I changed the battery completely, inside looked fine aside from cleaning up a little dust on it.



Prepadoodle said:


> Take a look at Bushnell's AR line of optics. I use an AR 1X MP on mine and like it a lot. It was about $150.


This is the current sight i'm looking at from that line. Everywhere i've looked that particular Bushnell seems to be highly praised, and for 150 because of Amazon Prime, i'm likely to order in a couple of weeks  Thank you for turning me on to those sights, most seem solid and highly liked, all that's left to do is to get some first hand experience with them.


----------



## Seneca (Nov 16, 2012)

A buck? good deal!
I would tend to use something like that a on a .22RF or a play at the range rifle.
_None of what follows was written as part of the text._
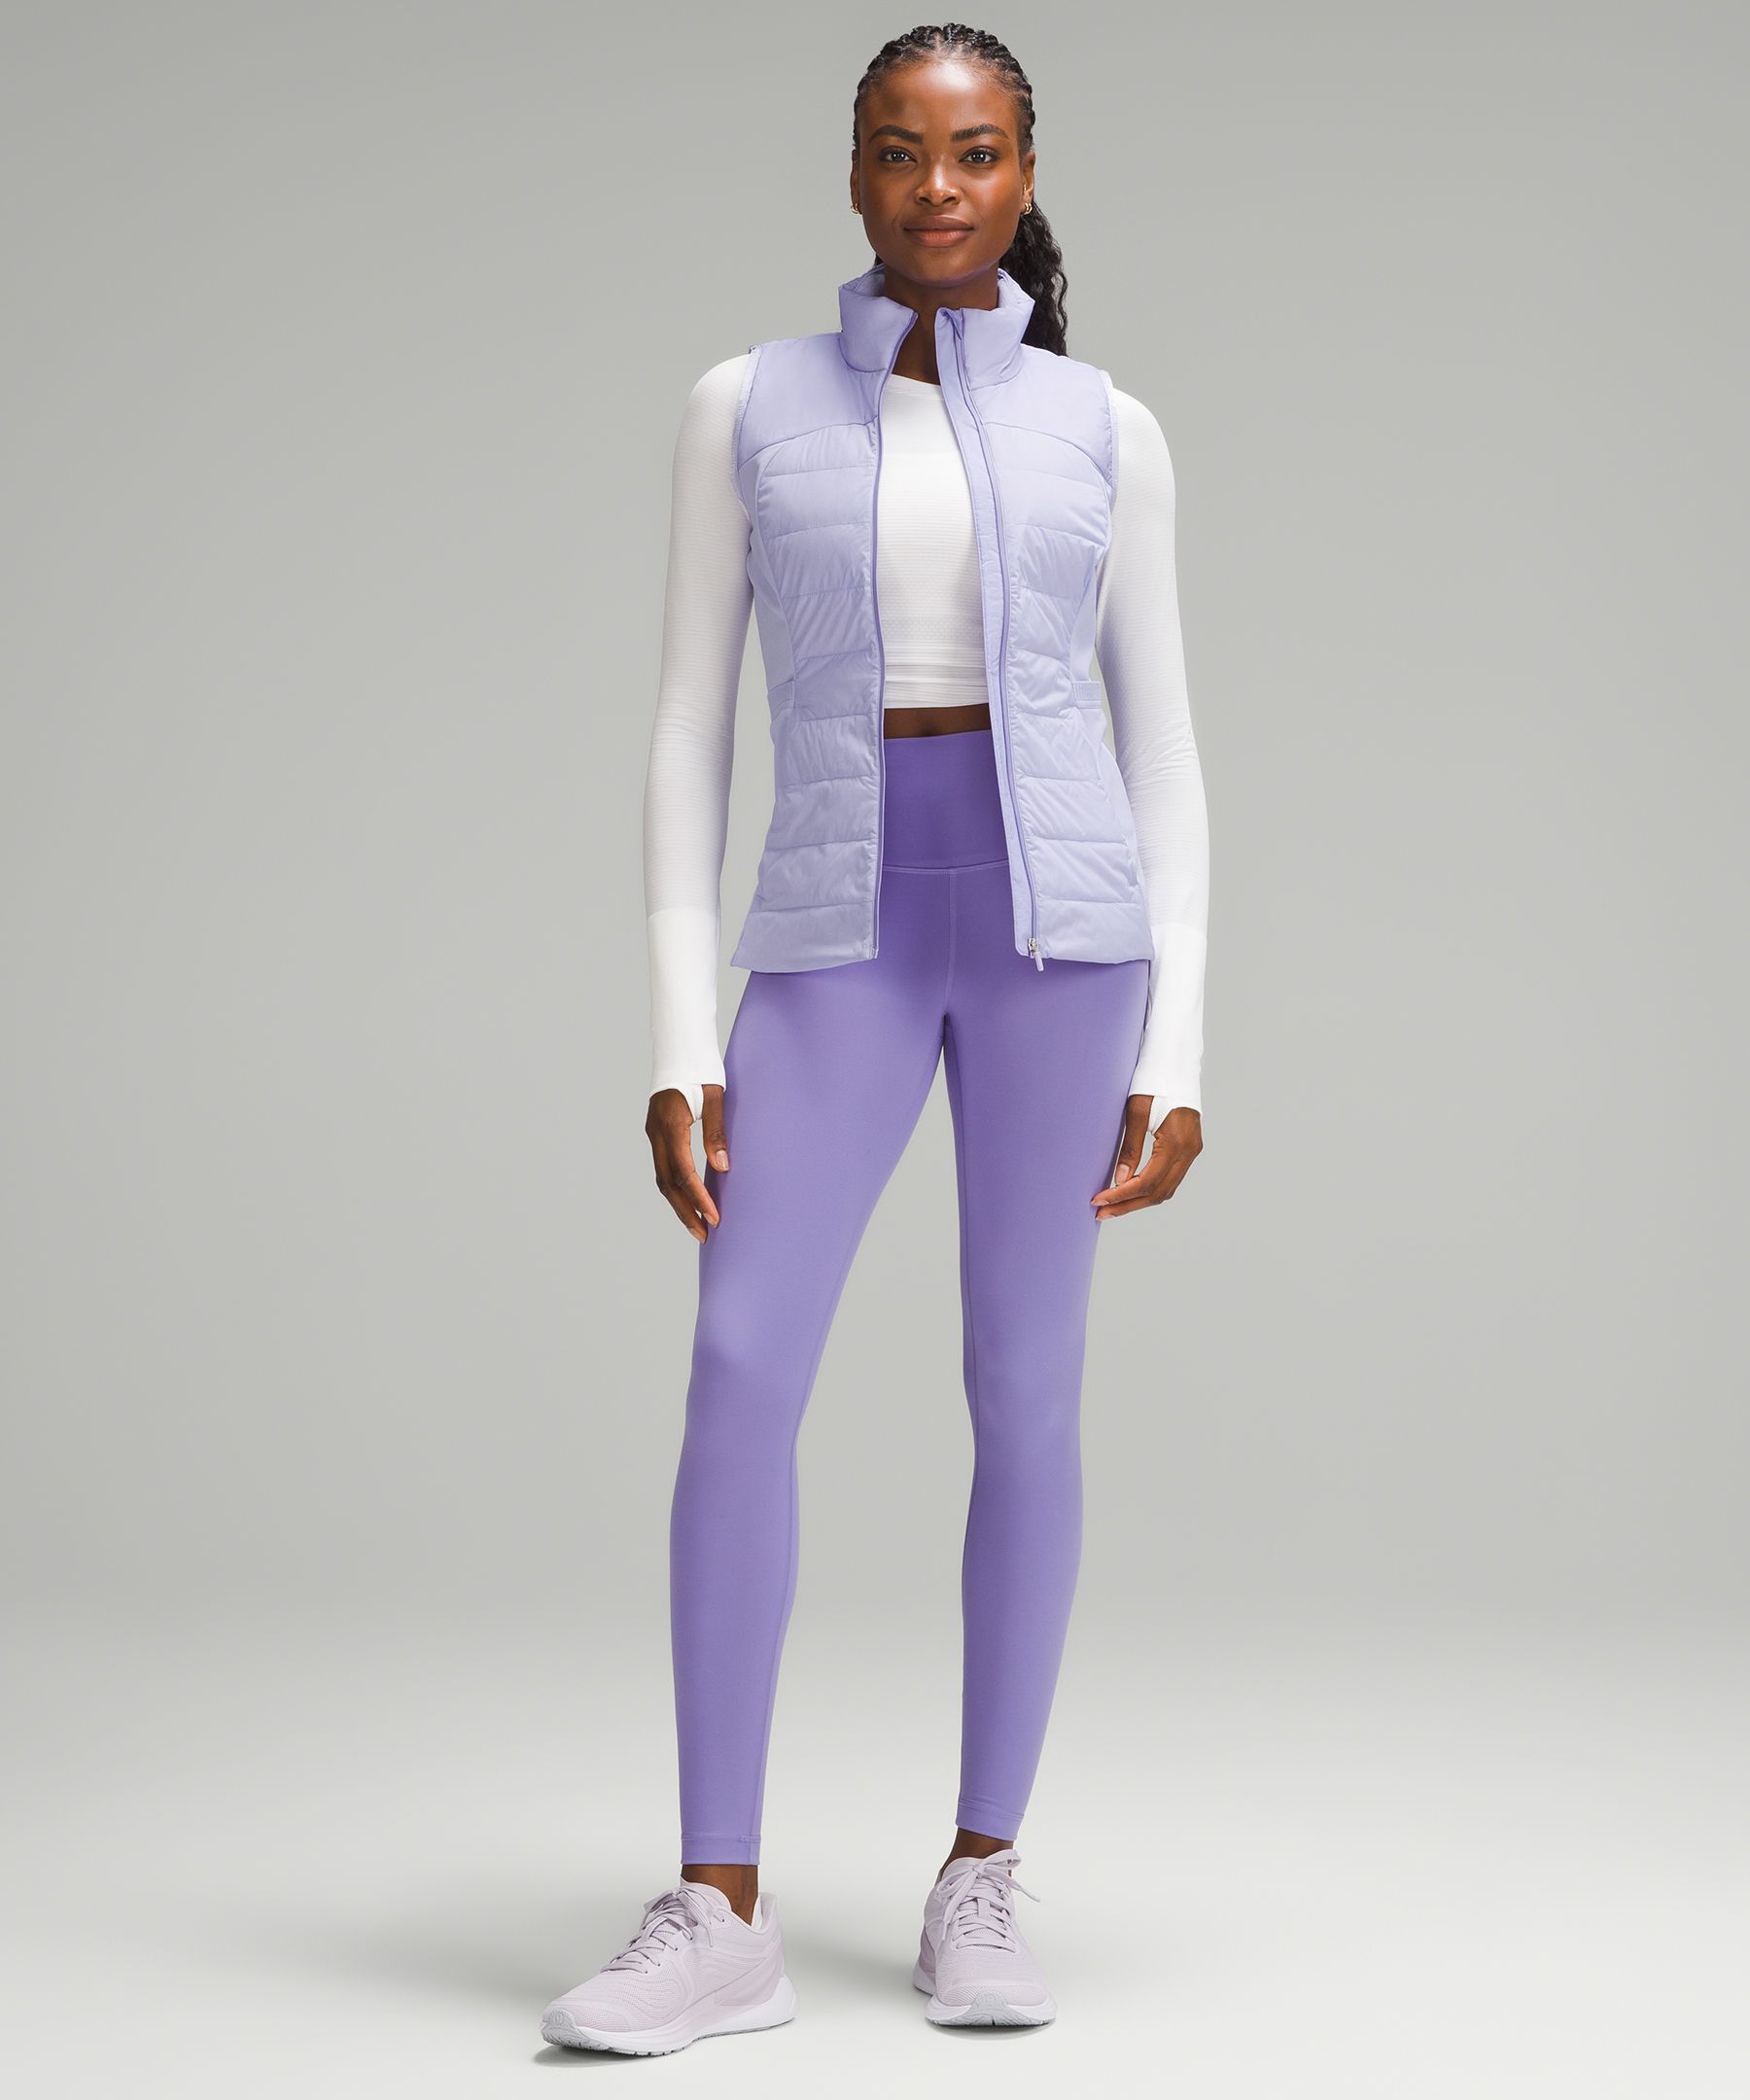 lululemon - Lululemon Reversible Vest, Size 14/16 on Designer Wardrobe

If it proved to be reliable then maybe I'd consider mounting it to a more potent rifle like an AR. I've heard good things about the Bushnell line of optics and for a price point wise middle of the road sight that's what I'd look at first.


----------



## Paltik (Jul 27, 2013)

I've been happy with my Bushnell TRS-25. It's a good value, though not the best money can buy by any means.


----------



## lgustavus81 (Aug 12, 2013)

I have a BSA Stealth Tactical optic on my M400 AR. Found it at Academy for 119 bucks. Comes with a removable light and laser set up on rails mounted to the red dot and remote pressure switches. You also get 3 different colors for your dot red, green, and blue!


----------



## NotableDeath (Mar 21, 2013)

That is a damn nice scope Igustavas, as well as a beautiful rifle. I've been looking at getting the $190 Nikon P-223 3-9x40.

EDIT - Think i like that mug in the last shot more then anything Igustavas, hehe.


----------



## lgustavus81 (Aug 12, 2013)

Thats perfect product placement! Thats how I start my day! The AR I've only had about a month and a half so far!


----------